● **What needs to be done**: All lines from the one containing "一小时达****0街道(上海)" down to the one containing "フォルム フラット |ID:crp329100000004122", both ends included, are to be given again exactly; omit the rest of the listing below.

● **Record extracts**:
_ _ _ _ _ _ _

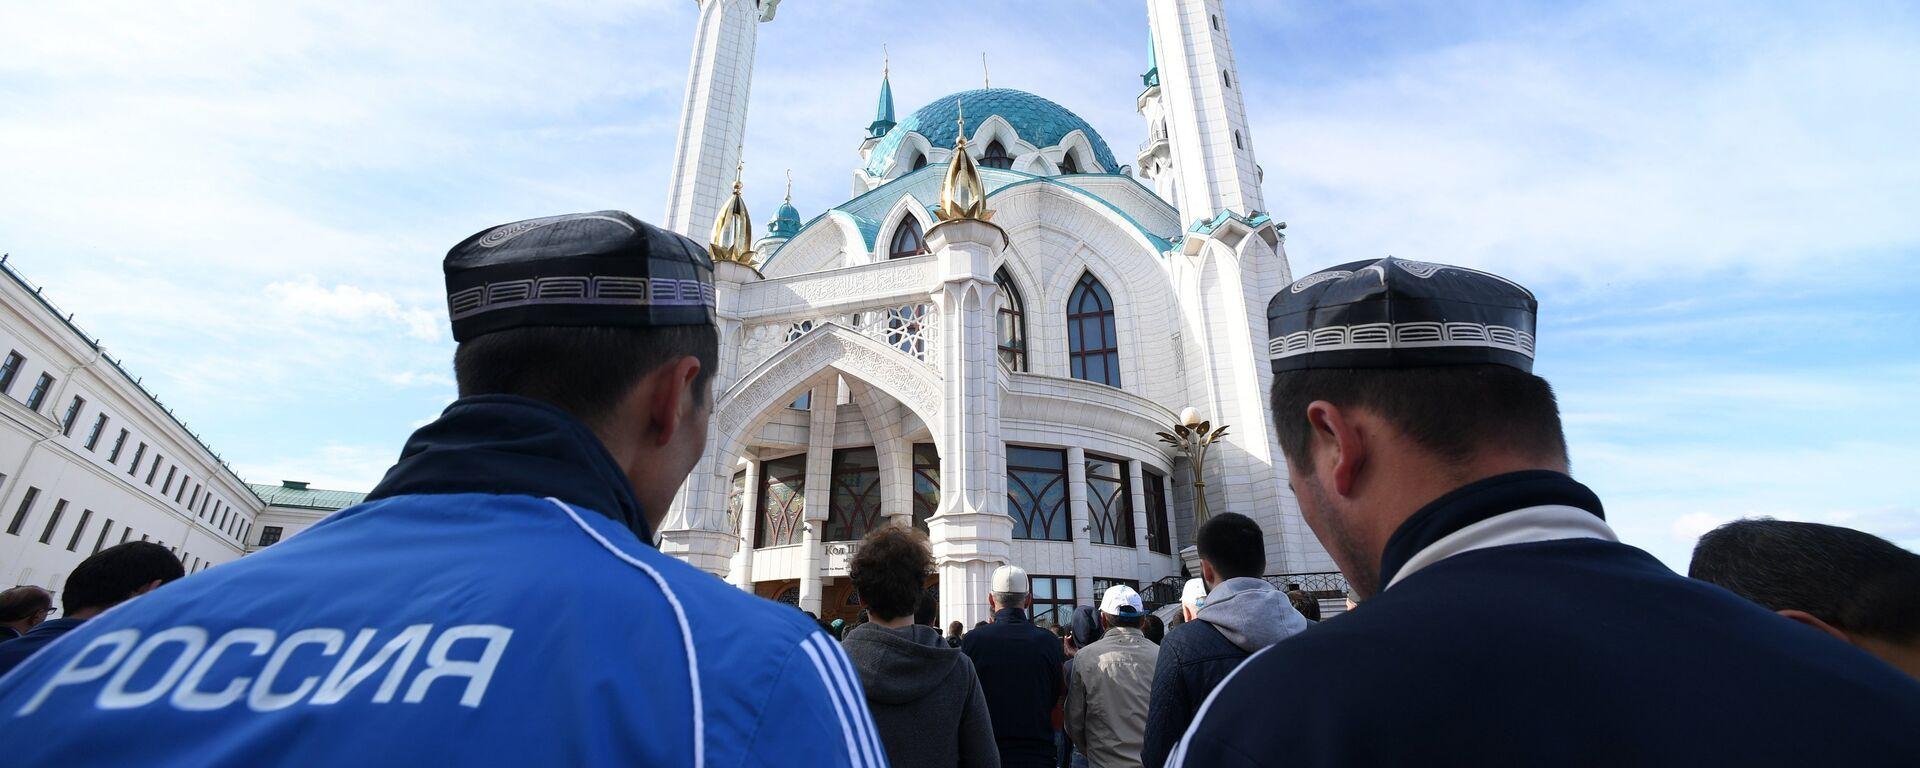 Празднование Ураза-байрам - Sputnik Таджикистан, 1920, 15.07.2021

_ _ _ _ _ _ _

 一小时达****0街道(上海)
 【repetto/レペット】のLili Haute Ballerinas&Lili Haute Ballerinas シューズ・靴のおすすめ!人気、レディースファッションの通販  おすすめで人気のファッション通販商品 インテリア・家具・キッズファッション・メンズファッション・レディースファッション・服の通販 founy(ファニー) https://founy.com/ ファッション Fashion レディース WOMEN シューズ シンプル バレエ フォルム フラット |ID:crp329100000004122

_ _ _ _ _ _ _

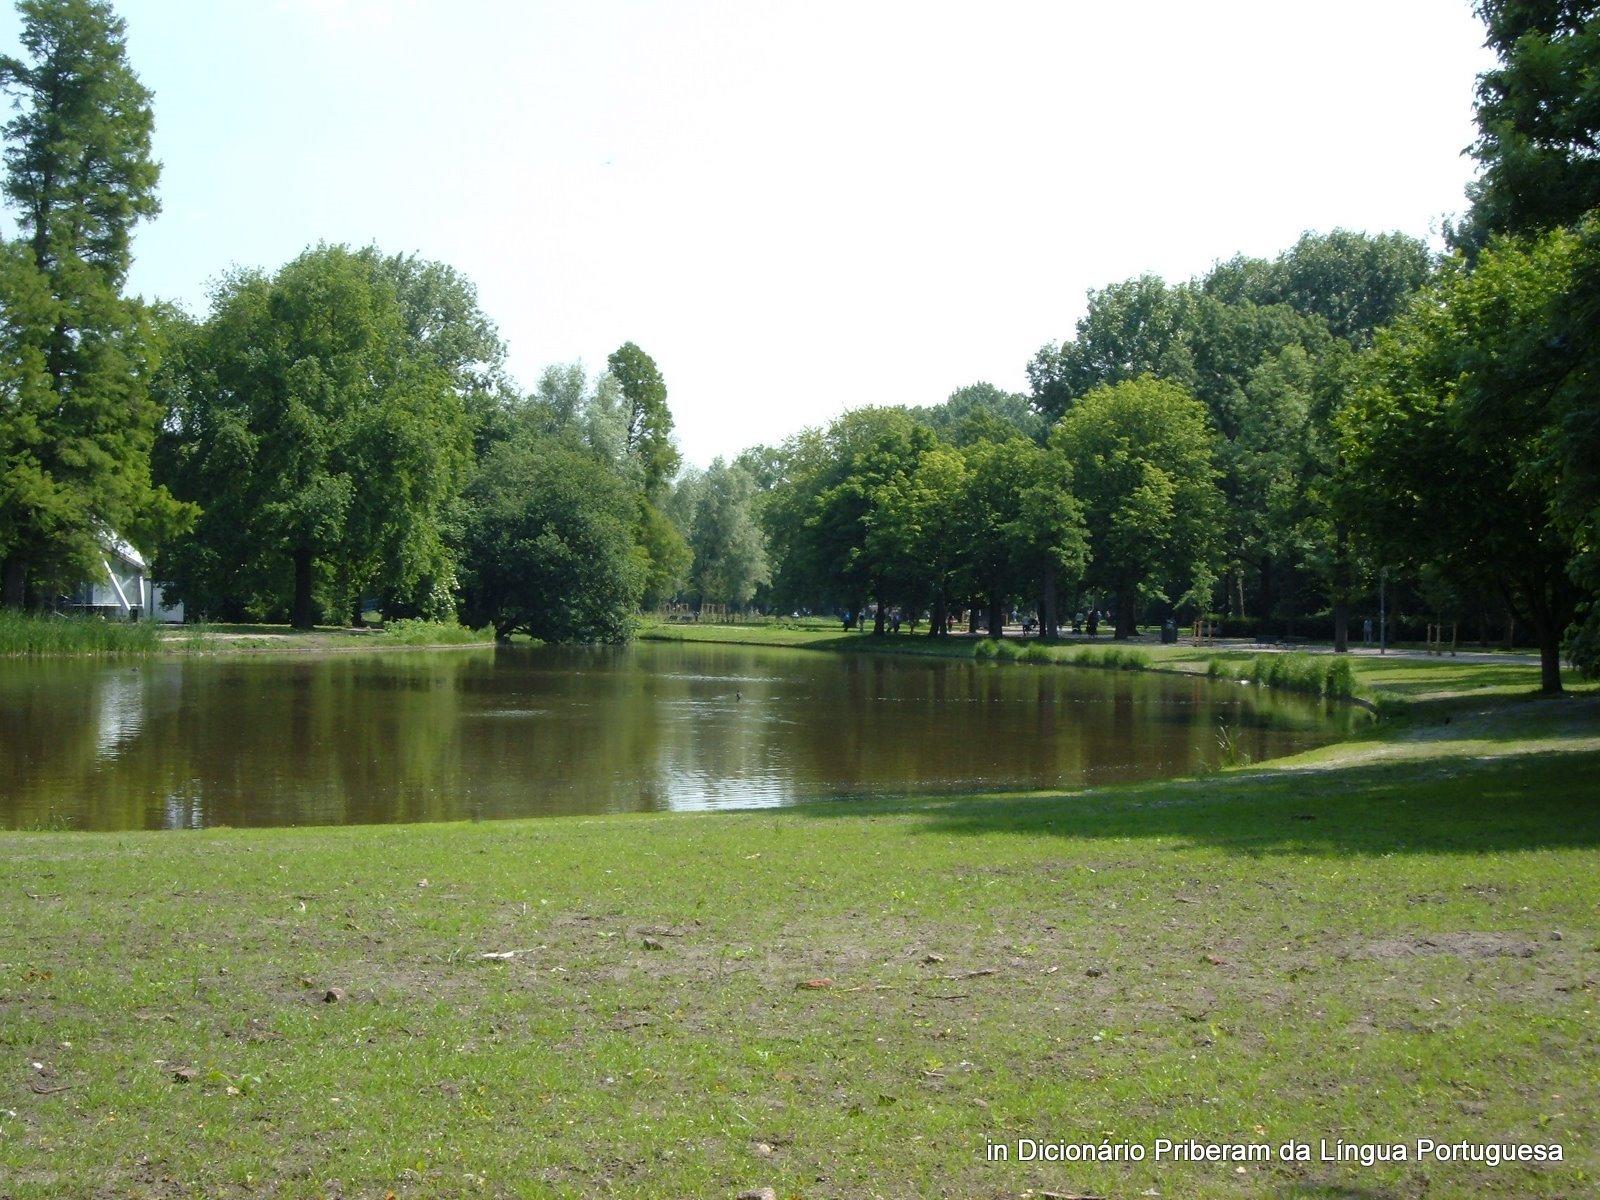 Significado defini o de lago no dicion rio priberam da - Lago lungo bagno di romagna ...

_ _ _ _ _ _ _

● **Written answer**:
 一小时达****0街道(上海)
 【repetto/レペット】のLili Haute Ballerinas&Lili Haute Ballerinas シューズ・靴のおすすめ!人気、レディースファッションの通販  おすすめで人気のファッション通販商品 インテリア・家具・キッズファッション・メンズファッション・レディースファッション・服の通販 founy(ファニー) https://founy.com/ ファッション Fashion レディース WOMEN シューズ シンプル バレエ フォルム フラット |ID:crp329100000004122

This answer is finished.